Tweet by mendel: @Skud "Like what for Australian indie music?" "Like the Web Archive of BBS era text files, for Australian indie music." "The web what?" :D

Yeah, well, let me explain.

For background, I’d better start by saying I was pretty terminally uncool, music-wise, in the 80s and early 90s. My family weren’t big on following popular music, I lived somewhere with no decent record stores, records were priced out of my range, and even at school the kids I hung with weren’t hip enough to make mix tapes of anything much but Top 40 stuff. Despite this, I somehow got exposed to a certain amount of Australian indie and alternative music. I say “somehow” because I honestly don’t know where I heard most of this stuff. I guess 3XY and EON-FM, early on.
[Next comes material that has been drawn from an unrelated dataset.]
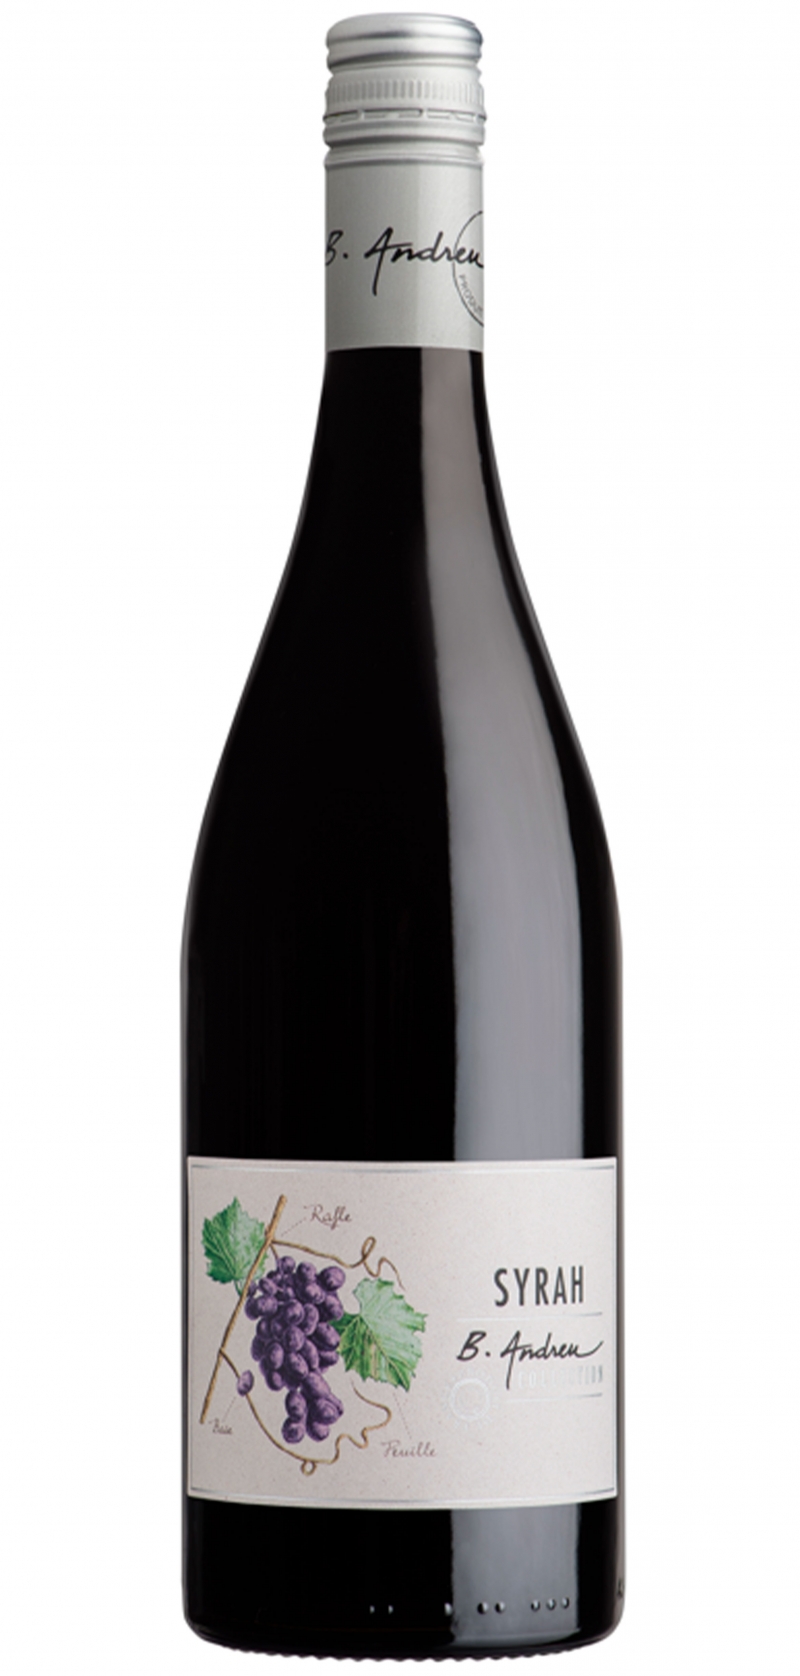 Bruno Andreu - Red wine from France - Syrah

Later, I listened to a lot of Triple J, and watched Rage.

These days, of course, I get most of my musical knowledge and exposure from the Interwebs, and the availability of digital downloads and information about musicians is really helping me backfill a lot of the older Australian music I wish I’d known better at the time.

Like, for example, The Go-Betweens, a Brisbane indie band that I was only faintly aware of until a few years ago, when Grant McLennan died and many of my friends online were expressing sadness at his passing. Of course I quickly figured out that they were part of the soundtrack of my childhood and teens, I just didn’t know them.

The Go-Betweens were pretty well known, and it’s not hard to find their albums, but a lot of equally important Australian music from the 70s to 90s is no longer readily obtainable. Much of it’s not available for (legal) digital download. In many cases CDs are out of print, or there may never have been a CD release, and the only version is vinyl mouldering in someone’s garage. Even information about older Australian music is hard to find: now-defunct labels and publications don’t have websites, and bands that would otherwise pass Wikipedia’s notability guidelines often don’t have articles because it’s so hard to find sources/citations. Only a handful of hobbyist websites and generous-hearted bloggers are keeping vast swathes of our musical heritage alive.

So why did this happen? Well, obscure music is always hard to find. That’s what makes it obscure. But in Australia even a bunch of pretty well known stuff, stuff I grew up on in my no-hipster-cred-whatsoever suburban youth, is rare as hen’s teeth now. For some reason, music that was released on the Mushroom and Festival labels was particularly likely to have this problem. So I asked around, and learnt that those labels, which had released some of the best music of my adolescence, had been consumed first by News Corp and then by Warner, who didn’t care enough to keep the back-catalogs available. I don’t even know how many smaller labels were caught up in this, but I’m guessing plenty.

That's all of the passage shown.